Location
- 5780 NW 158th Street Miami Lakes, Florida 33014 United States

Information
- Type: Public magnet
- Established: 1998
- School district: Miami-Dade County Public Schools
- Principal: Yaset Fernandez
- Faculty: 43.00 (FTE)
- Grades: 9-12
- Enrollment: 1,025 (2022–23)
- Student to teacher ratio: 23.84
- Campus type: Suburban
- Colors: Black & Teal
- Mascot: Jaguar
- Website: Miami Lakes Educational Center homepage

= Miami Lakes Educational Center =

Miami Lakes Educational Center (MLEC), is a vocational-technical training center in Miami Lakes, Florida. It is part of the Miami-Dade County Public Schools system and one of only three area vocational-technical training centers. It is one of two schools in Miami-Dade County, providing adult vocational training in conjunction with a full-service high school. This allows students to attend regular academic classes and technical or vocational training programs during the same day on the same campus.

==History==
Miami Lakes Educational Center was established in 1998.

==Magnet Academies==
MLEC has 26 different strands spread among five magnet academies. Although the school is not recognized as a magnet program by Miami-Dade County Public Schools, as it does not receive specialized magnet funding, the school retains the ability to require students to complete an application form, and may admit students from areas outside of traditional school boundaries. Each magnet academy at MLEC has a distinct uniform. The Cambridge Academy is run by Cambridge International Examinations, and includes mandatory AICE and AP classes. A sixth academy, Trade and Industry, was active before having its strands transferred to the Entrepreneurship Academy, until it became its own individual academy once again.

MLEC is a magnet high school, which requires students to be accepted in order to attend. Upon graduation, a student can receive both a high school diploma and a certificate of completion from the vocational training program.

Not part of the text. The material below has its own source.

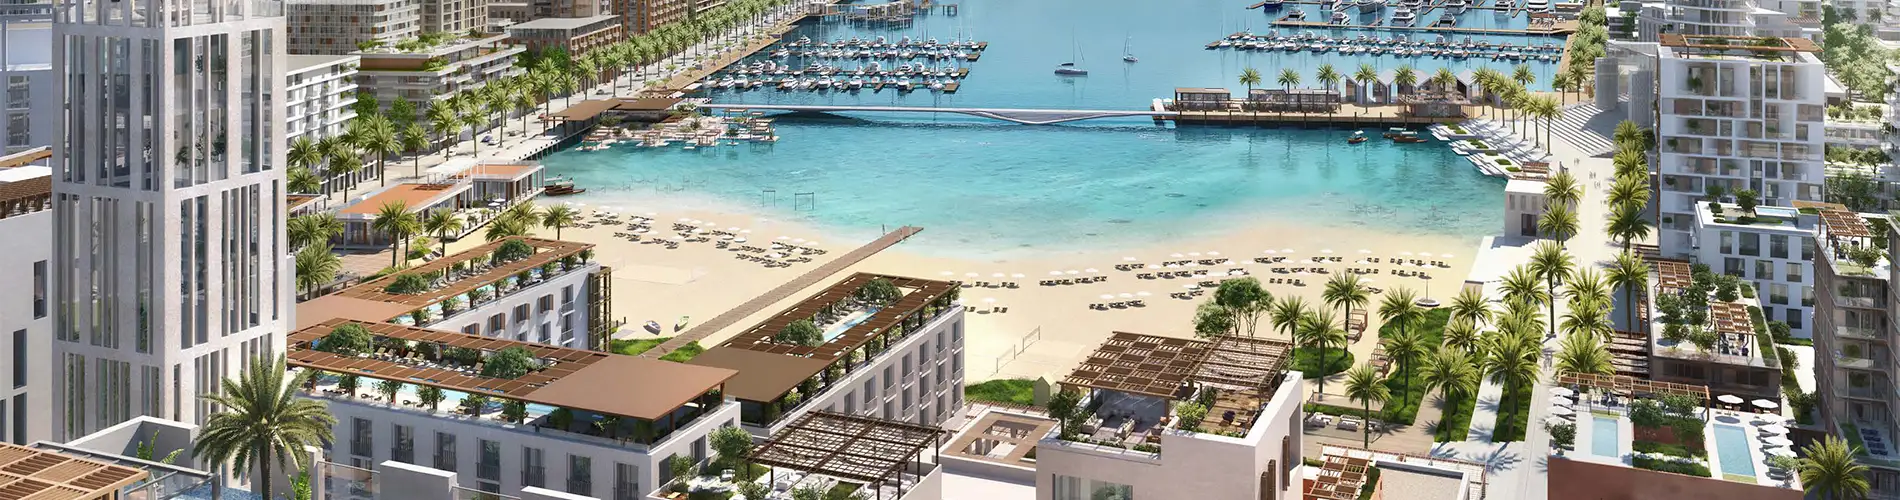 ميناء راشد من إعمار العقارية في ميناء راشد، دبي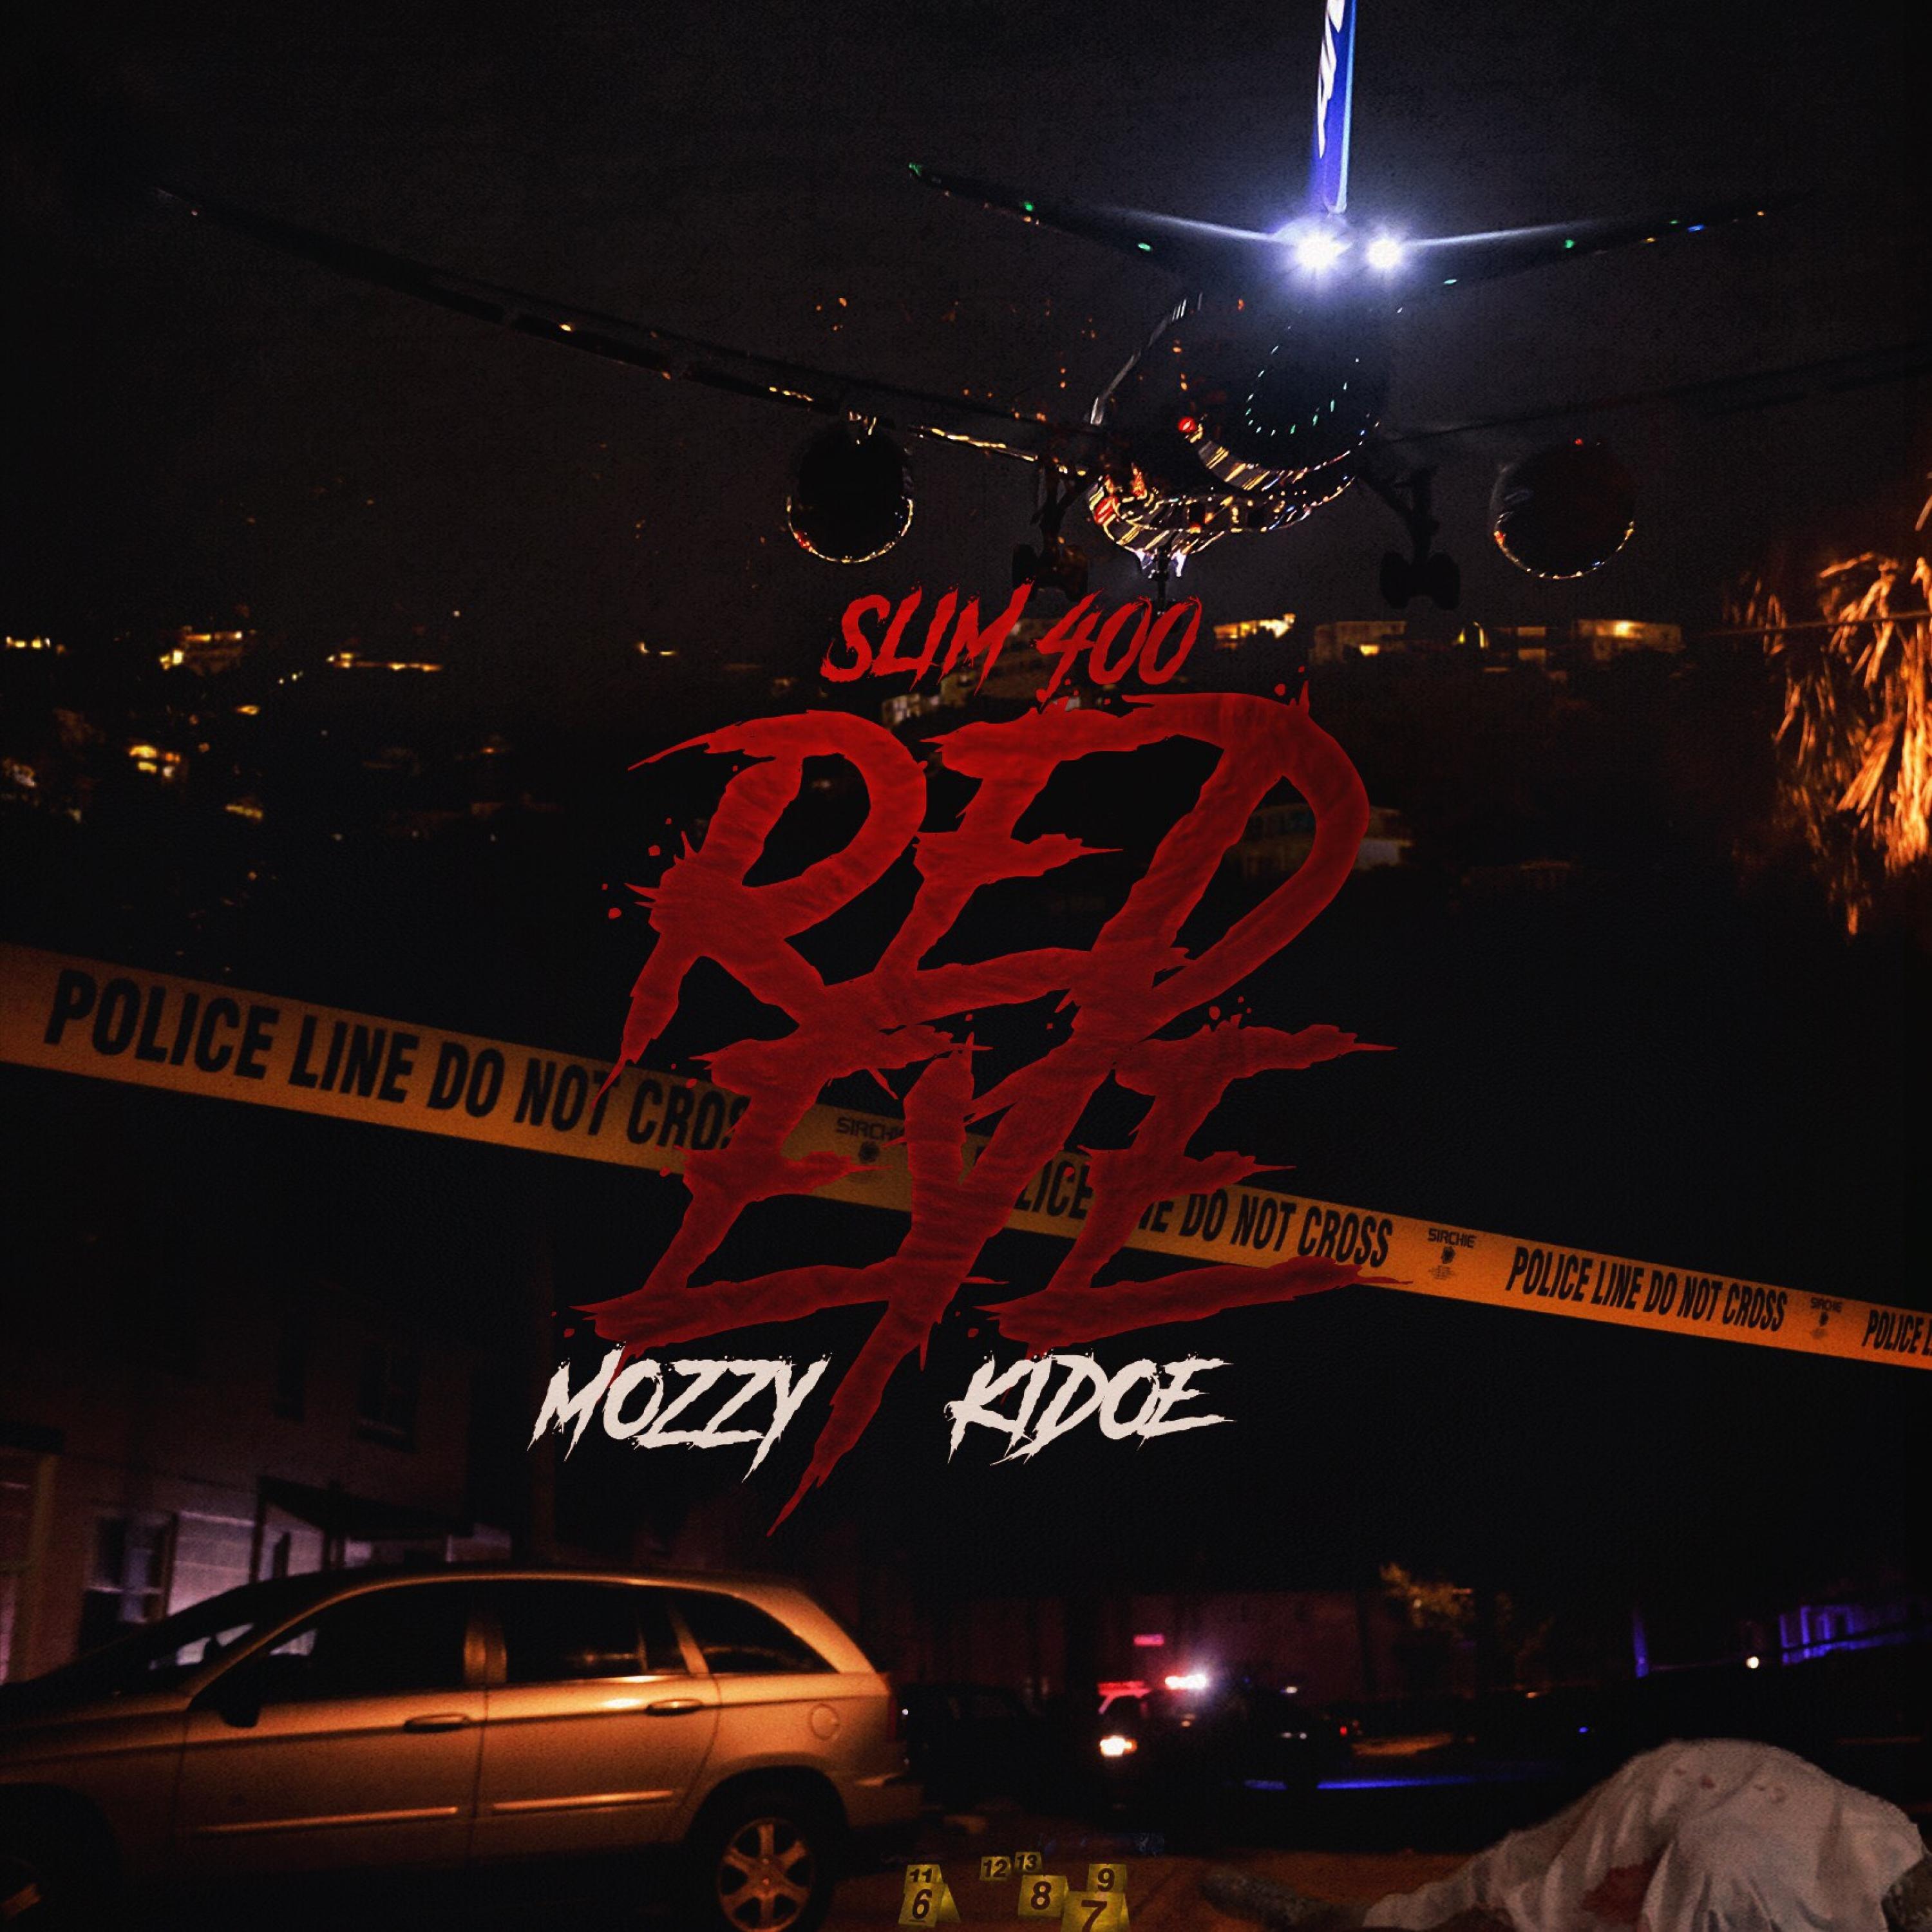 Red Eye (feat. Mozzy & Kidoe)

Miami Lakes Educational Center has consistently maintained an "A" grad.

The classes and academies from the list below are taken from the subject selection form for the magnet school.

| Academy | Strands / career pathways | Academy leader |
|---|---|---|
| Cambridge | Engineering; Journalism; Global Studies (previously Forensic Science); | Mannie Lizarazo |
| Health | Pharmacy Technician; Medical Assistant; Dental Assistant; Nursing Assistant; Emergency Medical Technician; Intro to Practical Nursing; | Jeffrey Betancourt |
| Entrepreneurship | Financial Services; Culinary Arts; | Marisol Tapia |
| Communication & Entertainment Technology | Commercial Arts; Technical Theater; Television Production; | Odalis Soto |
| Information Technology | Cisco Networking Academy; Programming; Web Development; | Leonardo Gonzales |
| Trade & Industry | AC, Refrigeration, and Heating Technology; Automotive Collision Repair; Automotive Service Technology; | Lourdes Ambas |

==Demographics==
Miami Lakes Educational Center is 81% Hispanic, 13% Black, 5% White non-Hispanic, and 1% Asian.